Your safety is important

Legacy is committed to keeping radiation exposure to our patients as low as possible -- the "As Low As Reasonably Achievable" standard. By following this standard we minimize the risks of radiation while ensuring the quality of the images. Legacy maintains state-of-the art equipment that is regularly calibrated and inspected for compliance with national regulations.
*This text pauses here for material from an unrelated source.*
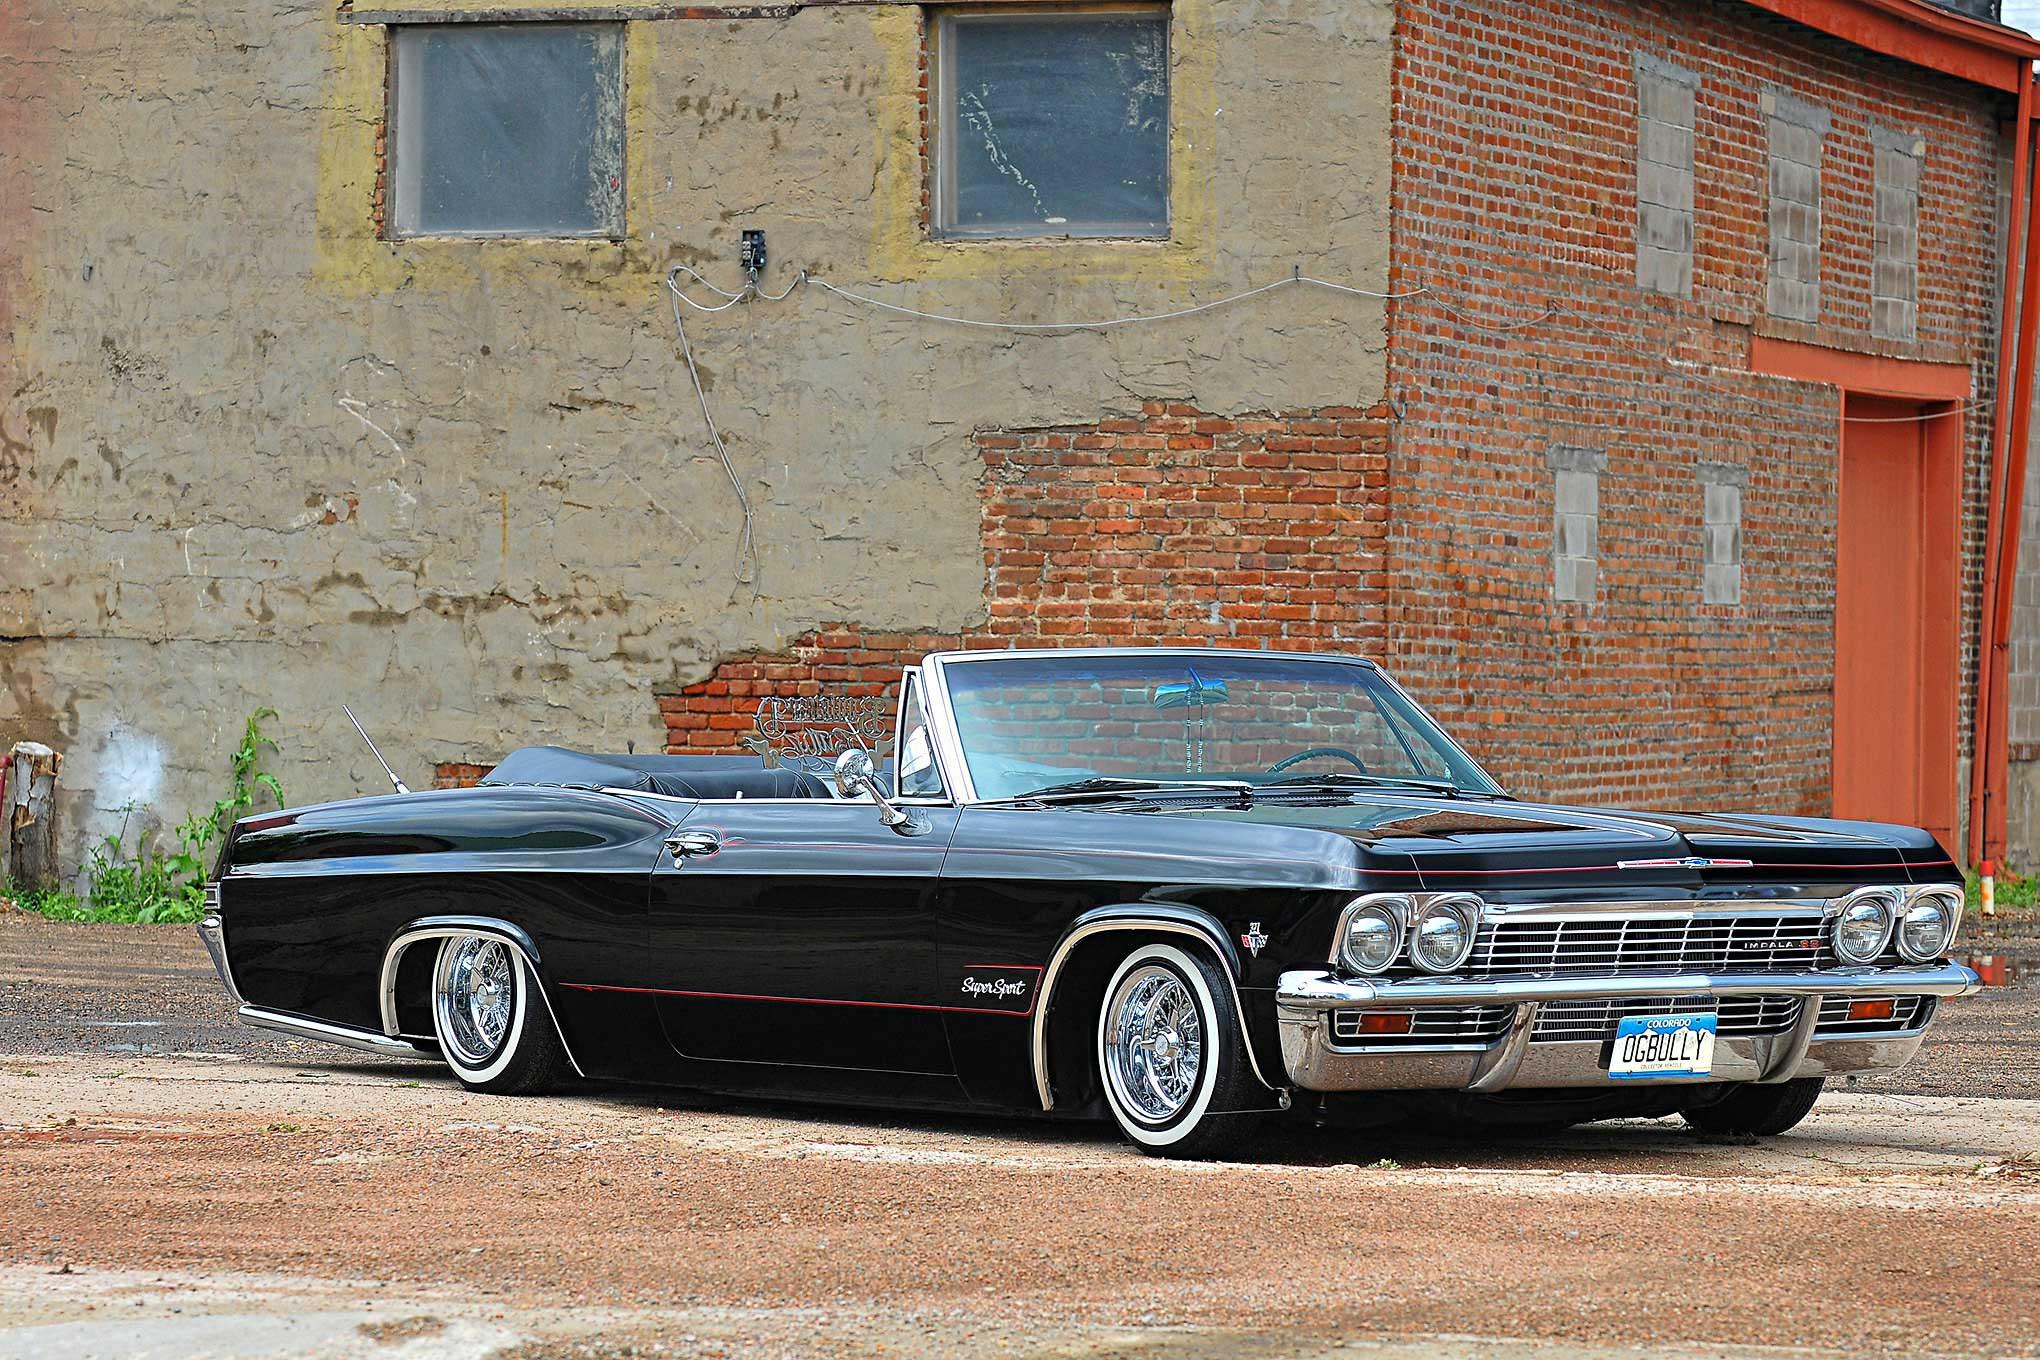 1965 chevrolet impala convertible lowrider rh lowrider com 1969 Impala 1968 Impala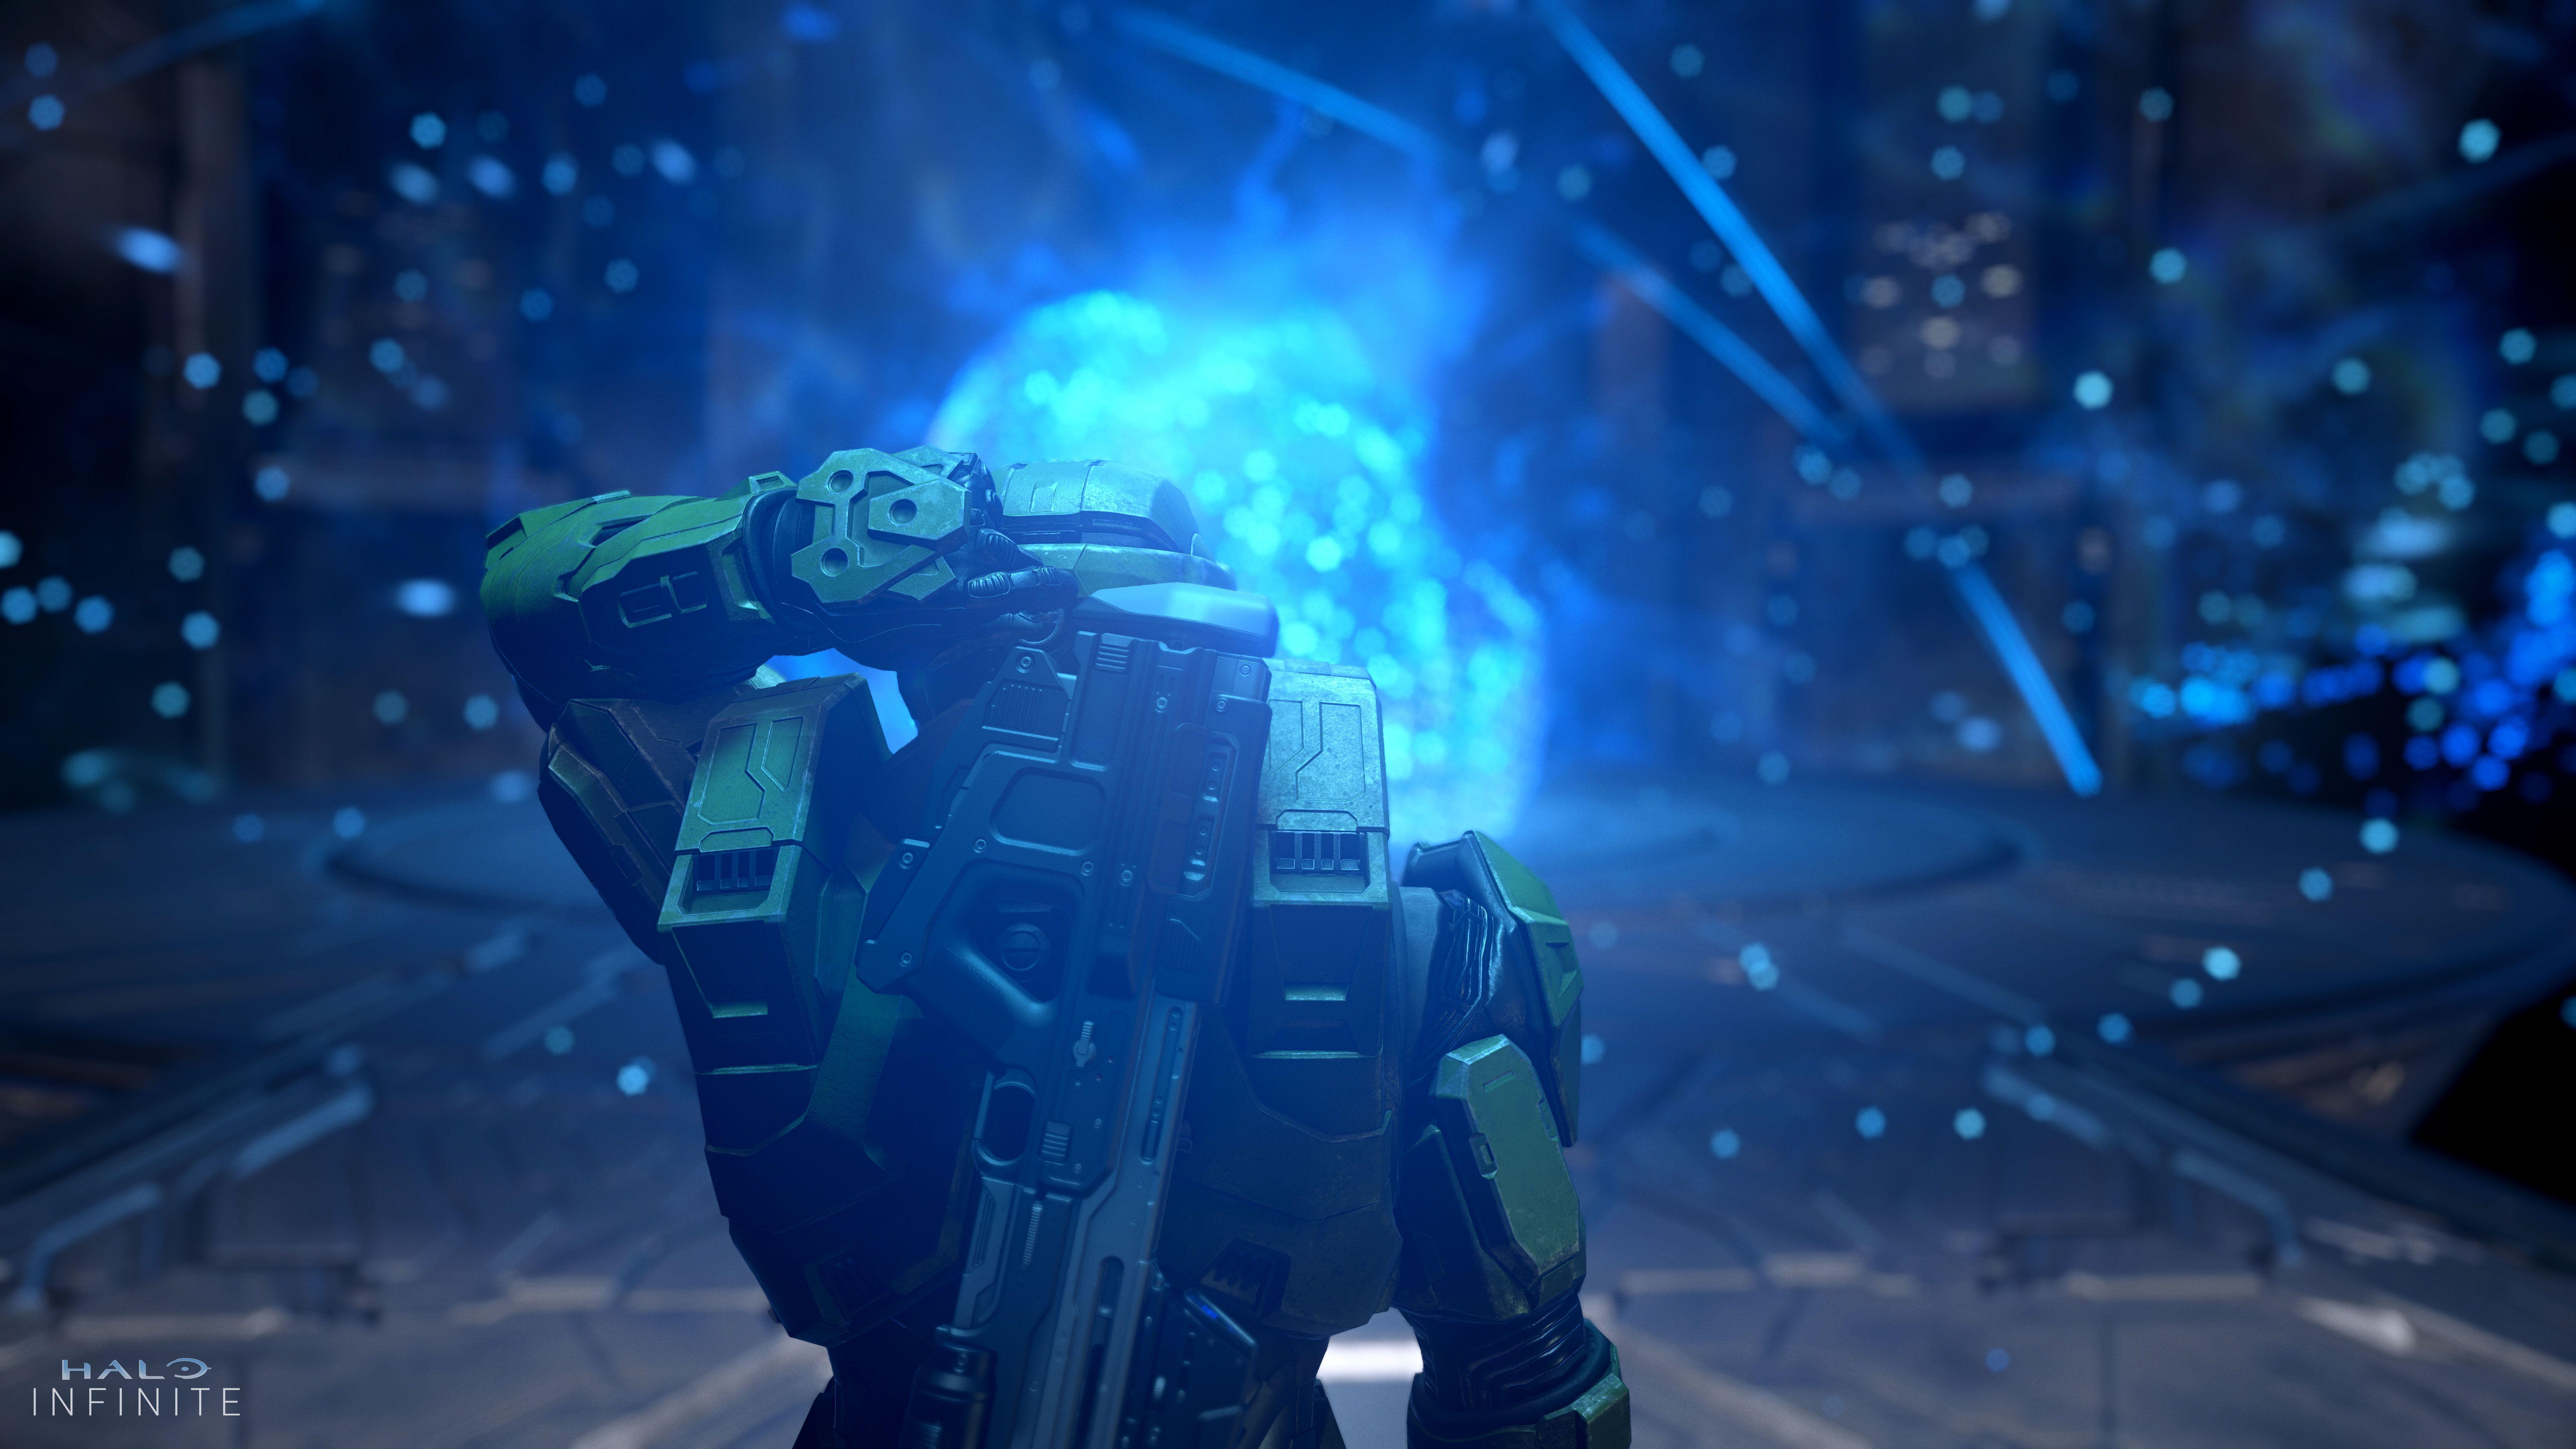 Halo Infinite Desktop Wallpapers Top Free Halo Infinite

In addition, Legacy's equipment and facilities are inspected by several outside agencies on a routine basis.

What can I expect?

You will be asked to lie on a table, and there may be a waiting time between the injection and the scan. The procedure generally takes 30 to 90 minutes, although a cardiac exam can take up to three hours.

FAQs

How will it feel?

You may feel discomfort from the needle stick, but the rest of the test is painless. During the scan, it's important that you lie as still as possible to make sure that we get the sharpest images.

How should I prepare?


  • You will be asked not to eat anything for 4 - 6 hours before the scan, although you will be able to drink water.
  • Tell your health care provider if you are or might be pregnant.
  • Tell your health care provider about any prescription and over-the-counter medicines you are taking, because they may interfere with the test. Talk to your doctor if you take any blood thinners that would affect bleeding (Coumadin/Warfarin, Pradaxa).
  • Please tell your health care provider if you have any allergies, or if you've had any recent imaging studies using injected dye (contrast).
  • You will be asked to take off any jewelry, dentures, and other metal objects that could affect the scan results.
  • You may be asked to wear a hospital gown.